*Exercise:* Your task is to return all the entries below exactly, with every picture omitted.

*Task input:*
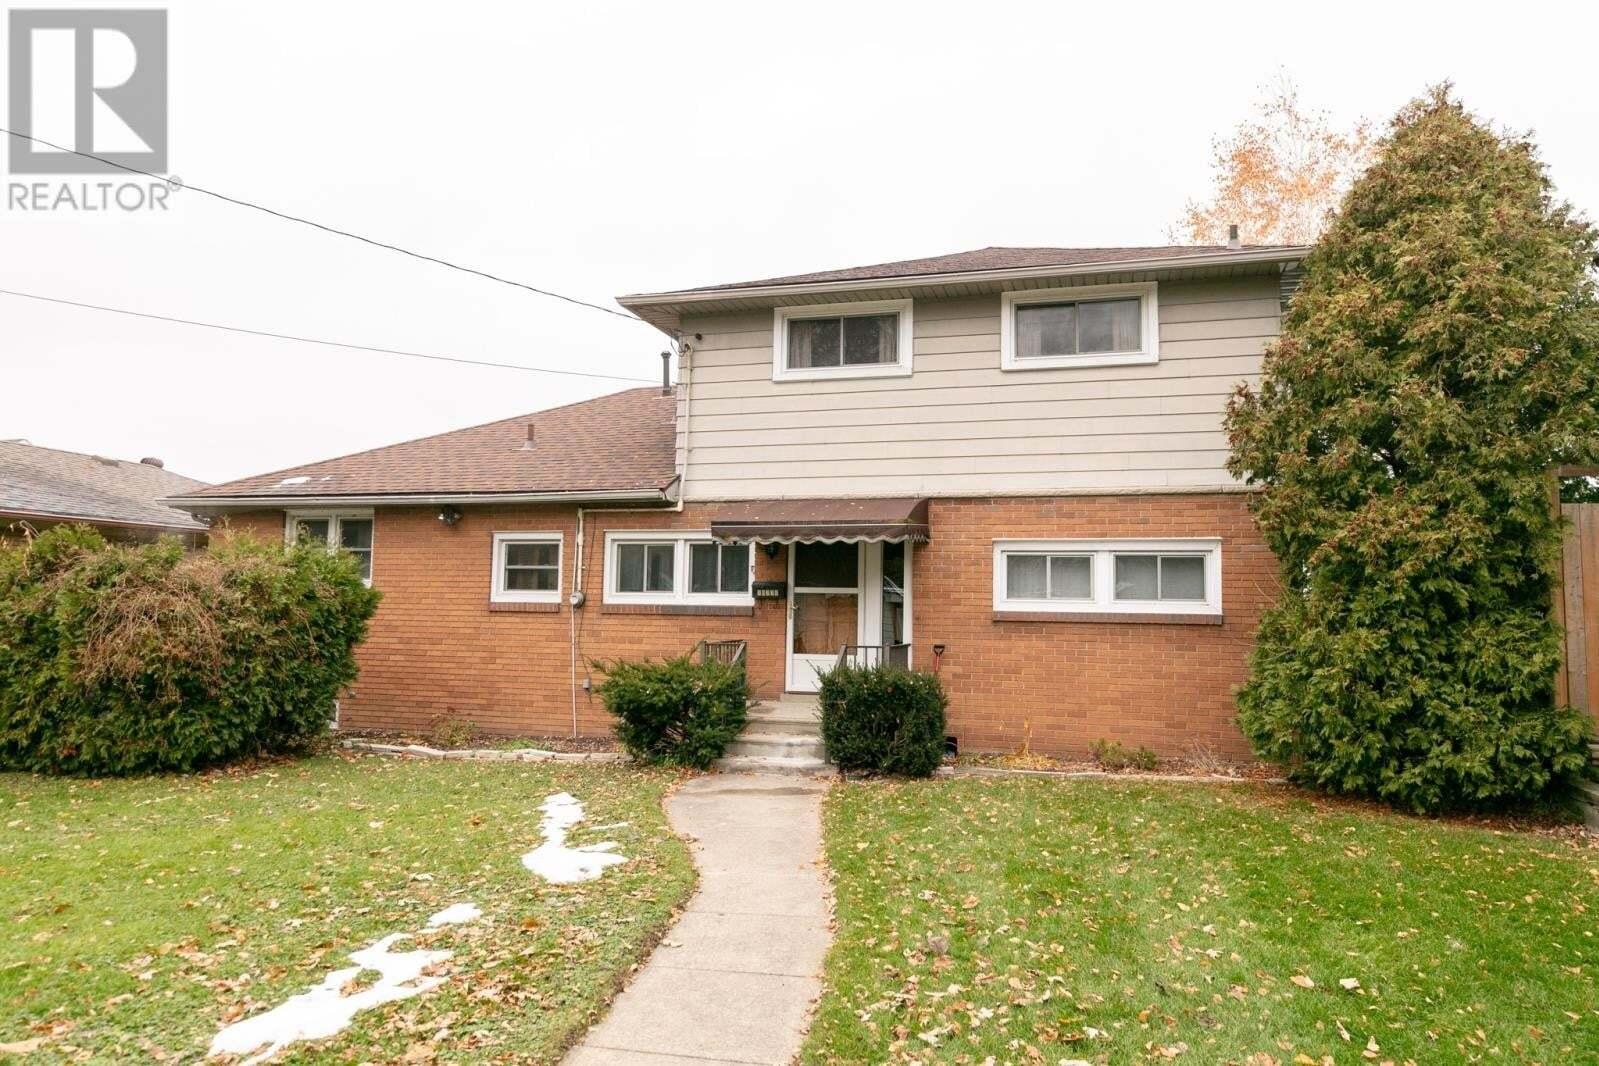 House for sale at 10770 Riverside Dr East Windsor Ontario - MLS: 20011469
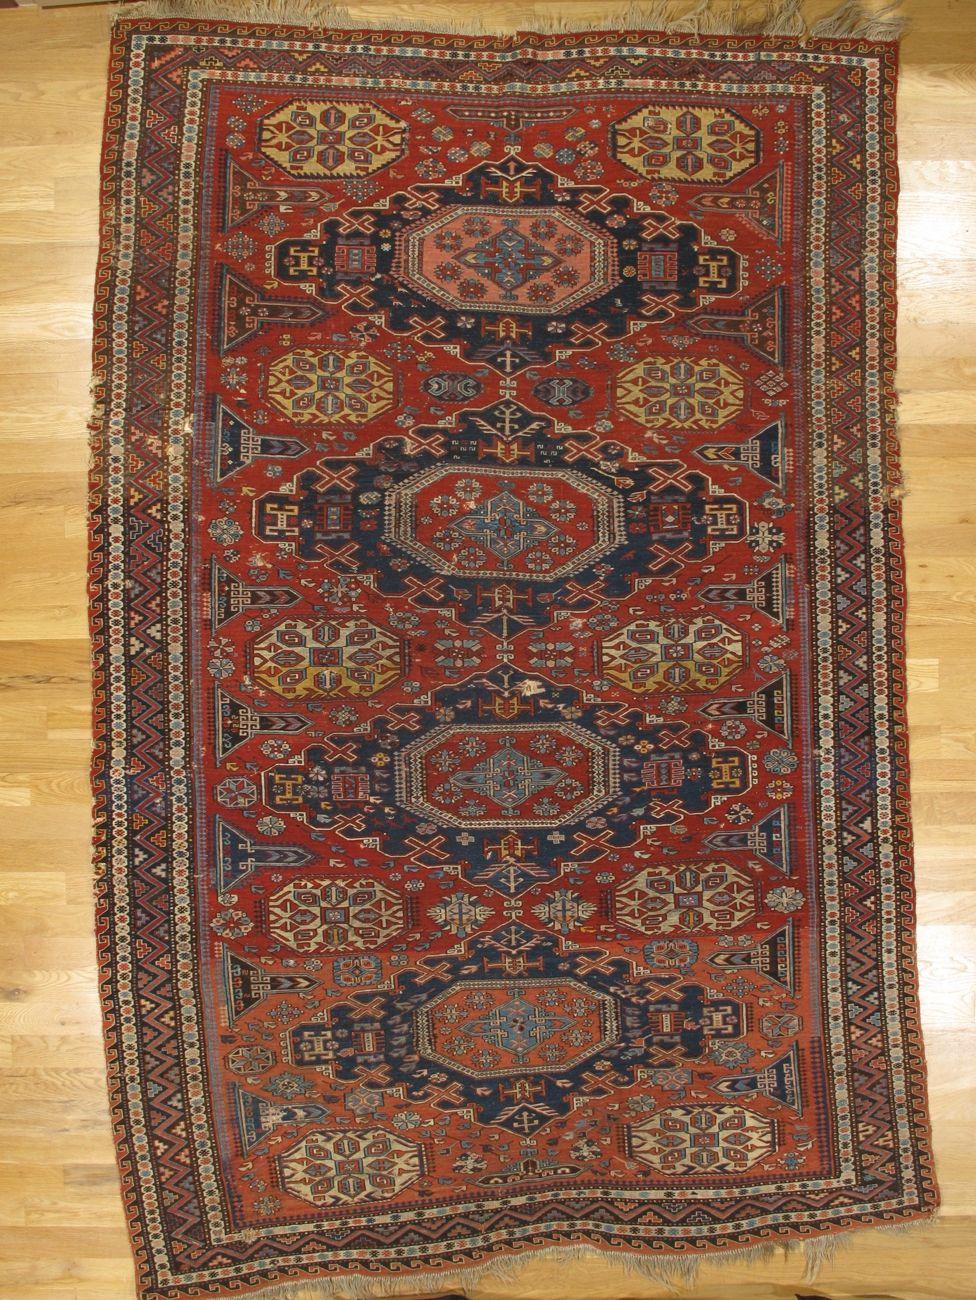 Soumak Carpet From Kuba District Eastern Caucasus West Coast Of The Caspian Sea Age Circa 1890 Size 10 6 X6 8 320x203 Cm Rugs Fluffy Rug Persian Rug
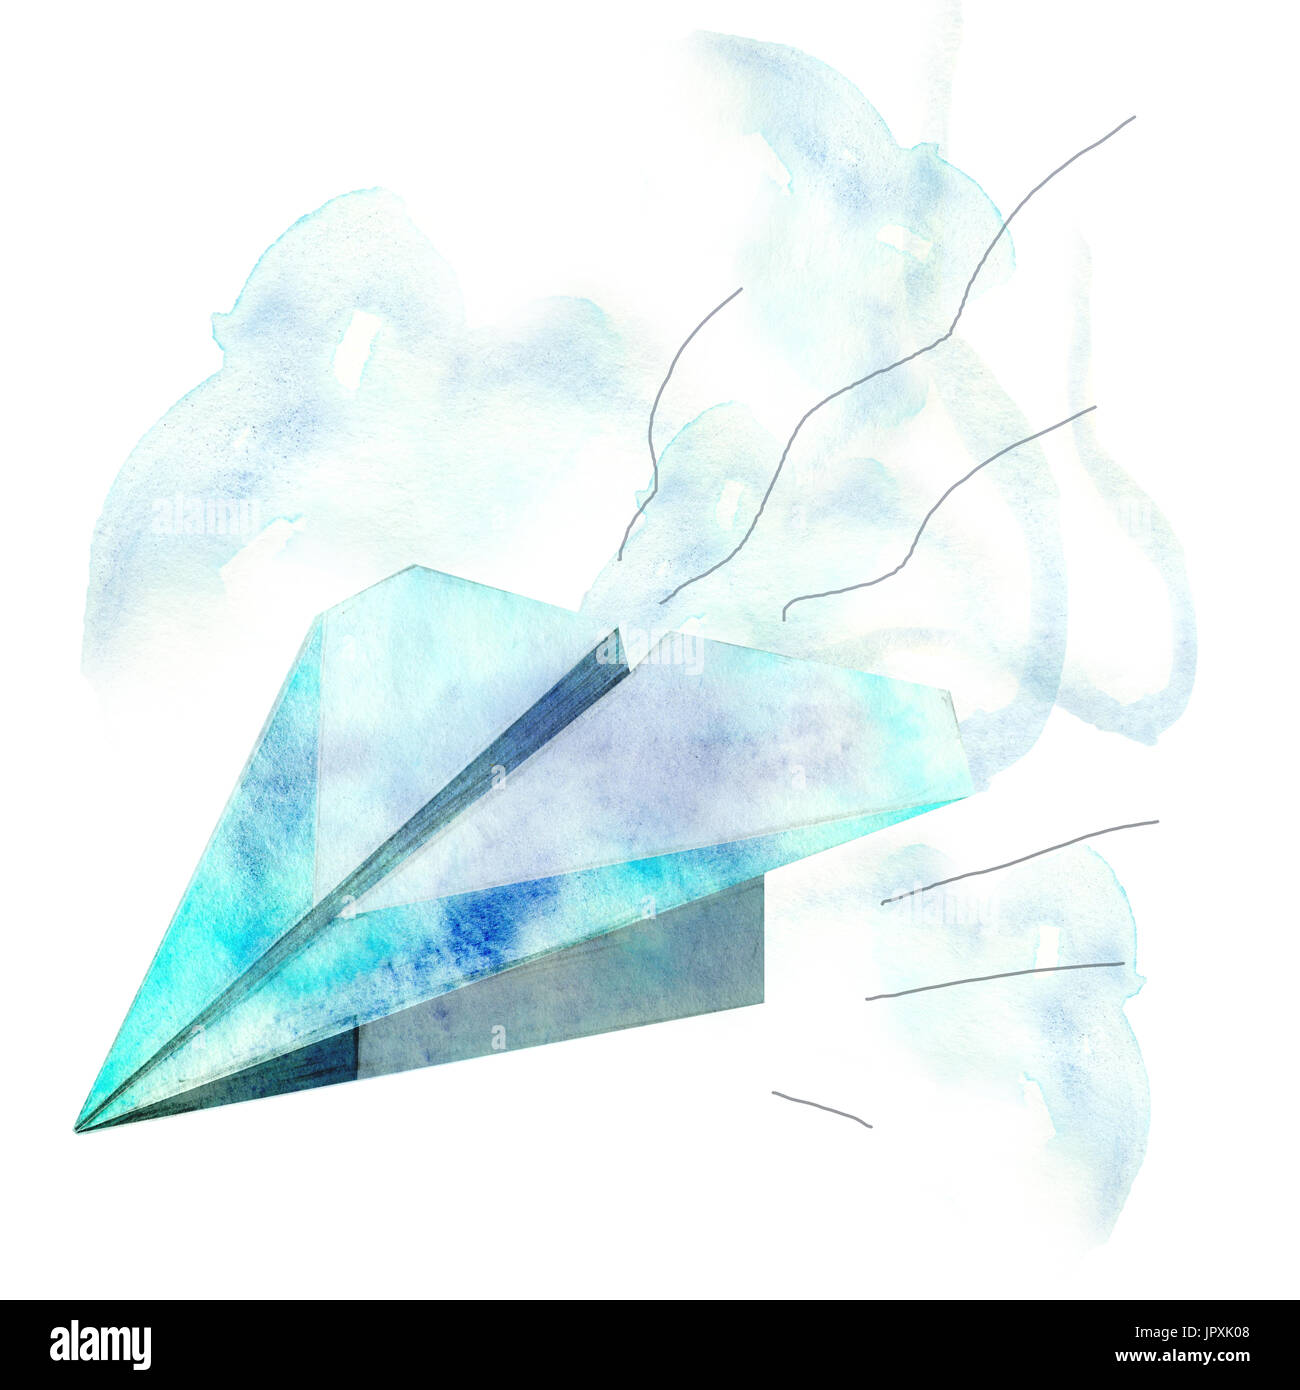 Acuarela dibujada a mano avión de papel Imagen De Stock
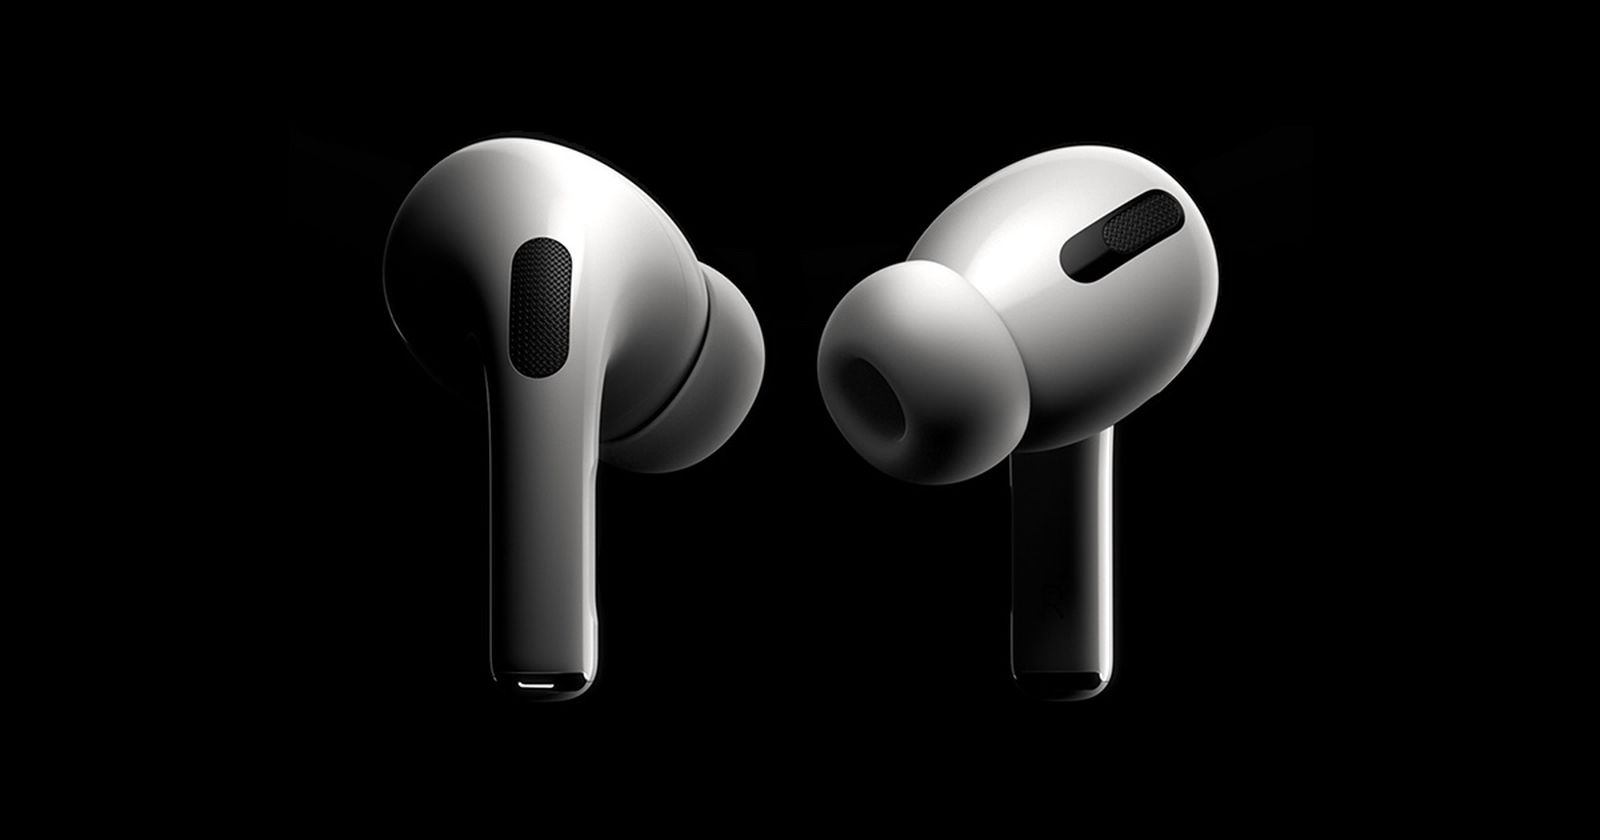 iOS 15 Breaks Siri AirPods Pro Controls, Fix Coming in iOS 15.1
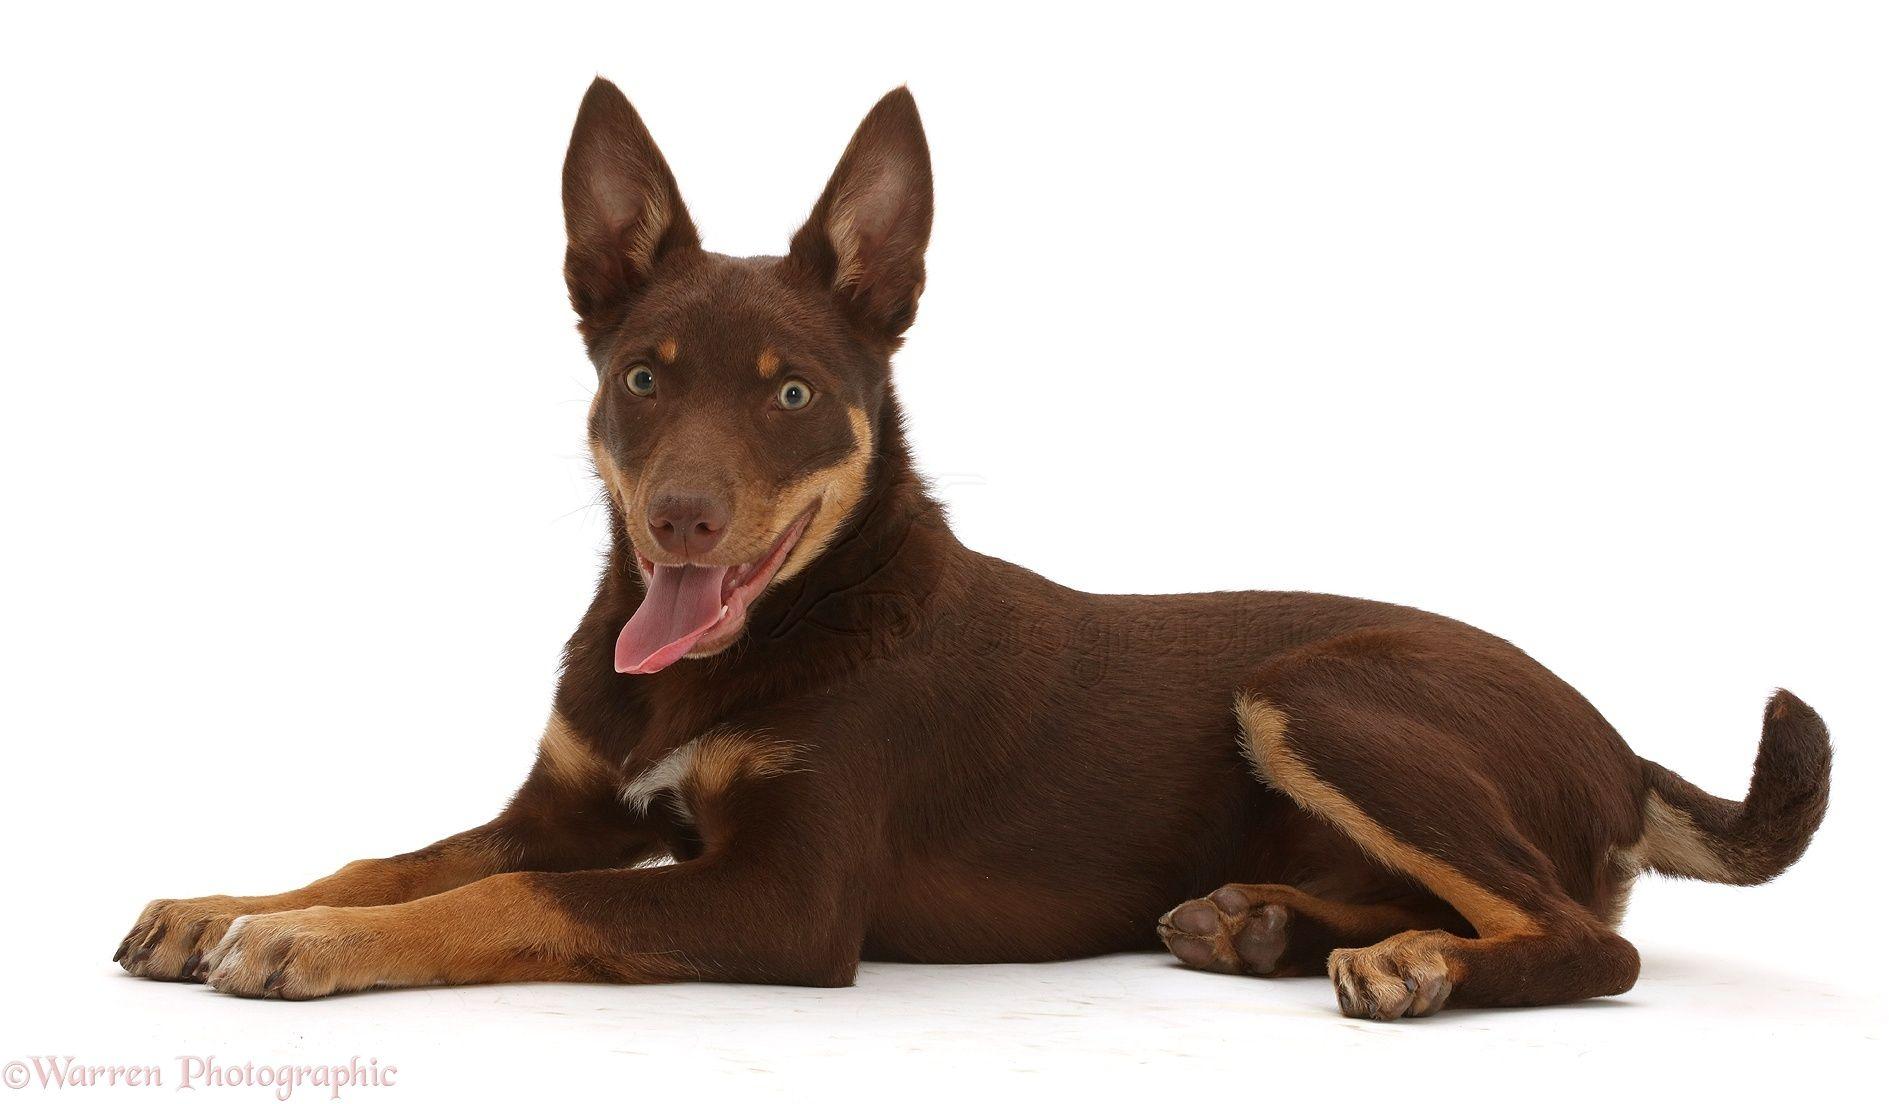 Pup Toys For Australian Kelpie Australian Kelpie Dog Ball Dogs

*Response to the exercise:*
 House for sale at 10770 Riverside Dr East Windsor Ontario - MLS: 20011469
 Soumak Carpet From Kuba District Eastern Caucasus West Coast Of The Caspian Sea Age Circa 1890 Size 10 6 X6 8 320x203 Cm Rugs Fluffy Rug Persian Rug
 Acuarela dibujada a mano avión de papel Imagen De Stock
 iOS 15 Breaks Siri AirPods Pro Controls, Fix Coming in iOS 15.1
 Pup Toys For Australian Kelpie Australian Kelpie Dog Ball Dogs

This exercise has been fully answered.